Медовец отошел от кассы с билетами и бросил поджидавшему его прорабу:
— Я этим цементом уже сыт по горло. Пойдем-ка лучше подывимся, що цэ такэ за гибрид. Все-таки земляк он мне. Тоже из Ворошиловграда…
— Вам один билет? — спросила кассирша у Токмакова.
— Два! — И подумал с тоской: «А вдруг не придет?»
Токмаков совсем не ожидал увидеть Машу такой.
— Какая вы нарядная!
— Что же я, по-вашему, всегда в спецовке?
Белая в синий горошек блузка-безрукавка, синяя юбка. На плечах синяя косыночка в крупных белых горошинах. Модные белые босоножки с дырочкой на носке. Чулки так тонки и прозрачны, что если бы не швы, отчетливо проступающие на икрах, ноги казались бы голыми.
Маша держалась с уверенностью девушки, знающей, что хорошо одета, что нравится.
Скоро они оказались у входа в зверинец.
Еще недавно на лесном складе пахло смолой, высыхающей древесиной, опилками. Сейчас здесь стояли острые запахи зверей, живущих в клетках и вольерах.
Маша, все больше увлекаясь, ходила от клетки к клетке и рассматривала диковинных зверей. Она выросла в Каменогорске и никогда не бывала в большом зоопарке. Может быть, поэтому она согласилась на предложение Токмакова.
Токмакова радовало, что Маше нравится прогулка; он готов был ходить и ходить с ней хоть до вечера, лишь бы видеть ее блестящие глаза, то серьезные, то смеющиеся, видеть, как она удивленно поднимает брови, как смеется и тут же сразу становится задумчивой.
Но ему так хотелось спать, что он с трудом сдерживал зевоту, когда давал Маше пояснения.
Втянув голову в сутулые крылья, белые с исподу и желтоватые сверху, сидел в клетке сонный орел. Его круглую голову покрывал редкий пух. Глаза, похожие на кошачьи, были слегка прищурены. Орел очень страдал от жары, духоты и вынужденного покоя. Лимонные лапы с хищными когтями были недвижимы, так же как сильно загнутый клюв. Изредка орел топорщил свое жесткое оперение, — и тогда становился еще более жалким, ощипанным.
— Вы что улыбаетесь, Константин Максимович? — спросила Маша.
— Вспомнил нашего Дымова. Он, когда очень доволен работником, называет его орлом. Посмотрел бы на этого беднягу!..
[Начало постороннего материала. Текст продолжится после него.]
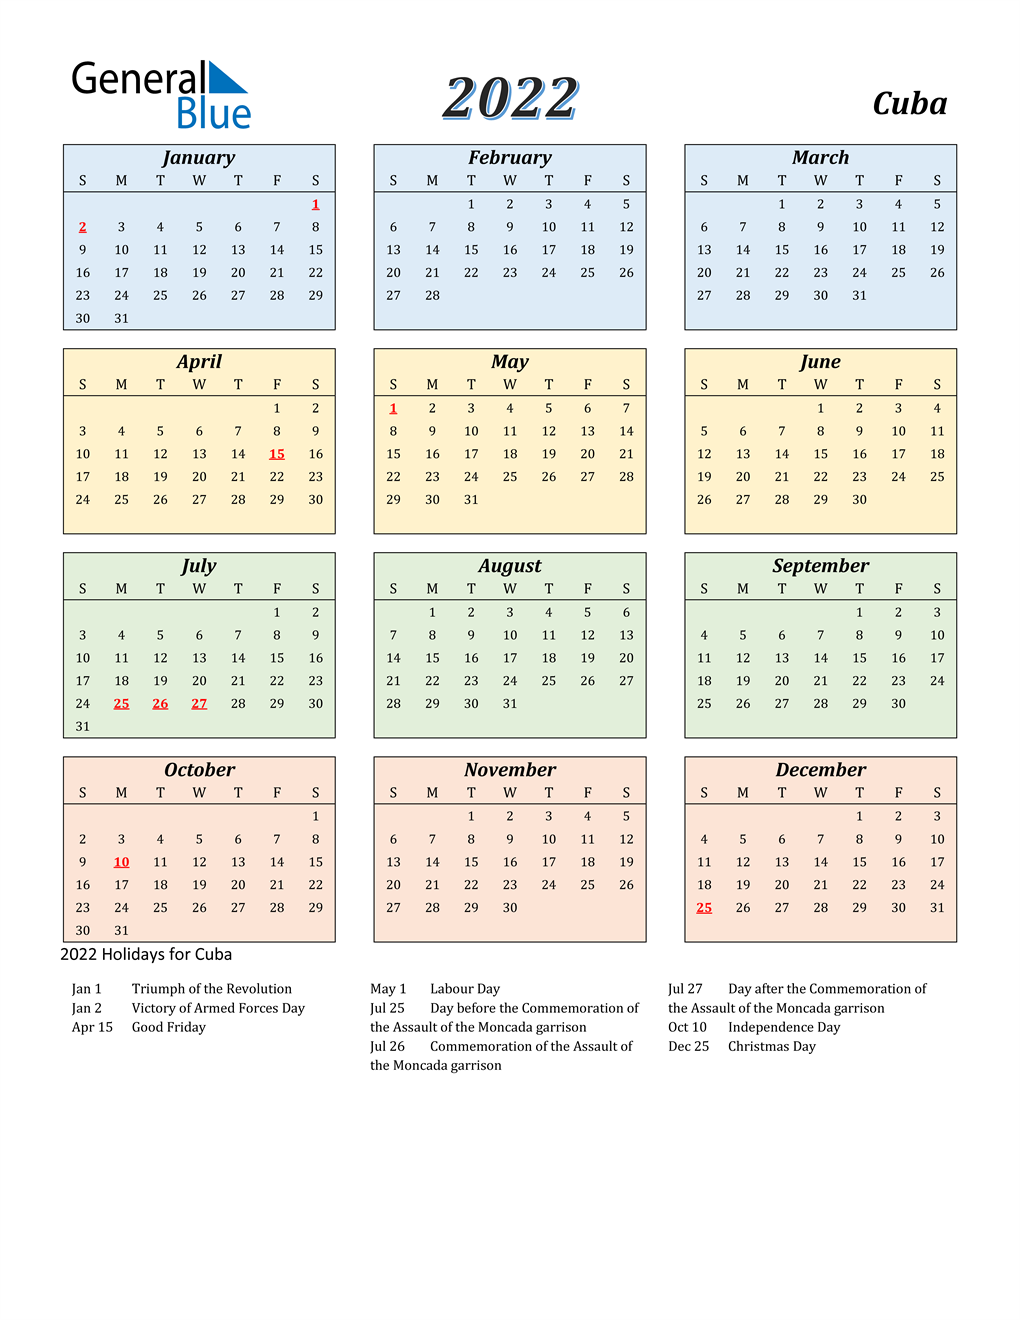 Cu Calendar 2022 2022 Cuba Calendar With Holidays

— Ну, хотя бы три вагона! — услышал Токмаков голос прораба, не отстававшего от Медовца.
— Прямо как цыган на базаре, — отругивался Меде вей. — Отойди, или я на тебя орла напущу!
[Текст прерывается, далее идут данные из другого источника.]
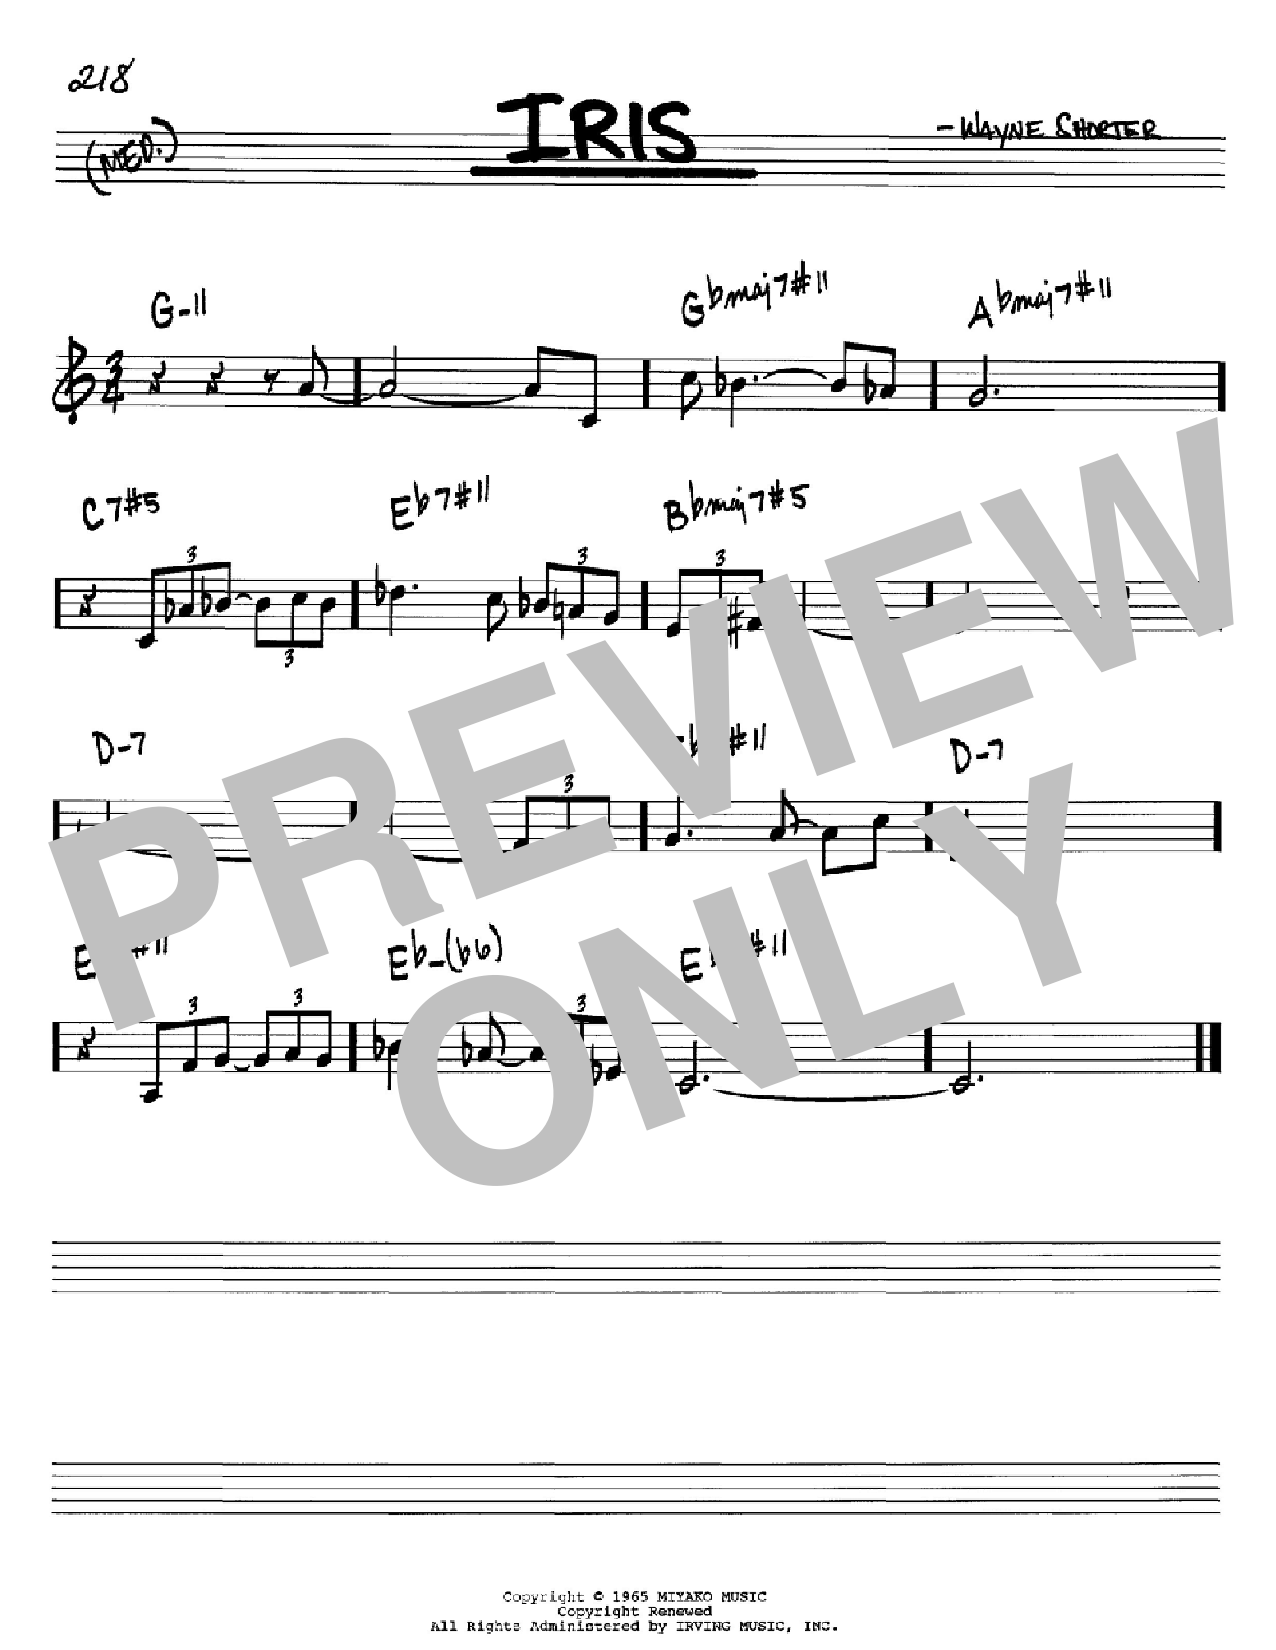 Download Wayne Shorter Iris Sheet Music

К клетке, где сидела обезьяна Яшка, не протолкаться. Здесь стояли Бесфамильных в рубахе навыпуск, приодетый Пасечник с Катей, Хаенко, — пробился все-таки!
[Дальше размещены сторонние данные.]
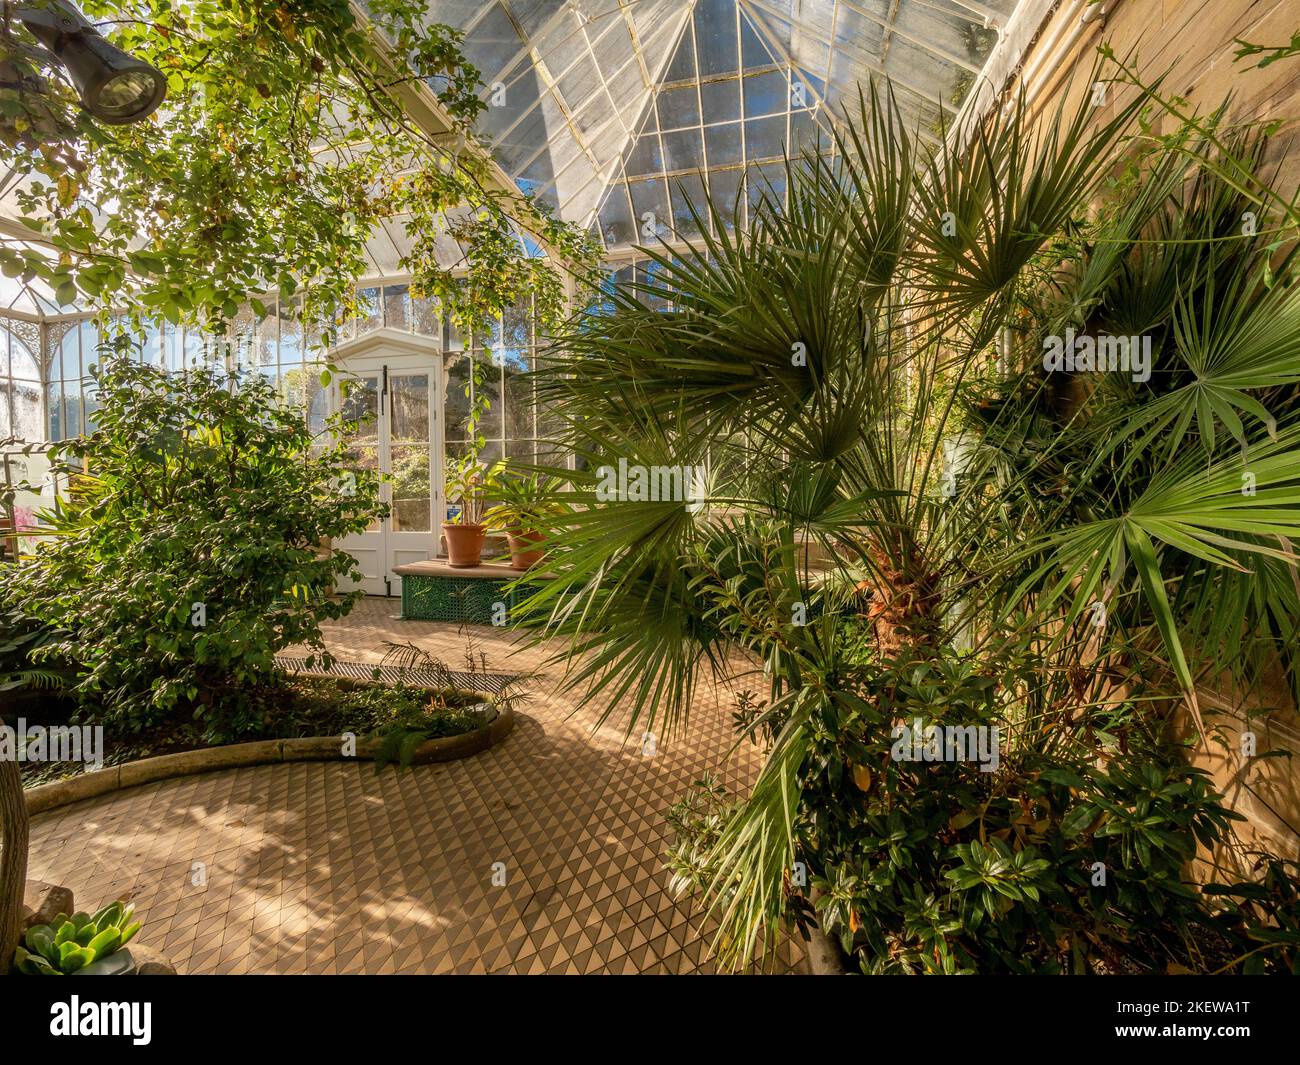 Les plantes poussent dans le conservatoire victorien restauré des jardins du château de Wentworth, avec ses carreaux de céramique géométrique. ROYAUME-UNI. Banque D'Images

Катя не обращала ни малейшего внимания на Хаенко, который торчал рядом. Тот был явно уязвлен, но старался не подавать виду. А сам терялся в догадках: случайно рыжий нахал оказался в зверинце вместе с Катькой, или это у них свидание?
Она что-то сказала Пасечнику вполголоса, потом громко и ненатурально захохотала, показывая Яшке зеркало; Яшка смотрел на свое отражение, смешно наклоняя шерстистую мордочку и морща лоб. Он повисел, ухватившись черной сморщенной рукой за перекладину, потом вспрыгнул на нее и начал раскачиваться на качелях.
— Вот это верхолаз! — пришел в восторг Пасечник и, заметив Токмакова, добавил — А вместо монтажного пояса у него хвост. Техника безо всякой опасности.
— «Все-таки зря я до сих пор приказ не подписал», — подумал Токмаков и опять с трудом подавил зевок.
— Диалектика природы! — пояснил Хаенко, наблюдая за Яшкой. — Теория все объясняет.
— Вот кто тебя когда-нибудь объяснит? — нарочито громко спросил Пасечник.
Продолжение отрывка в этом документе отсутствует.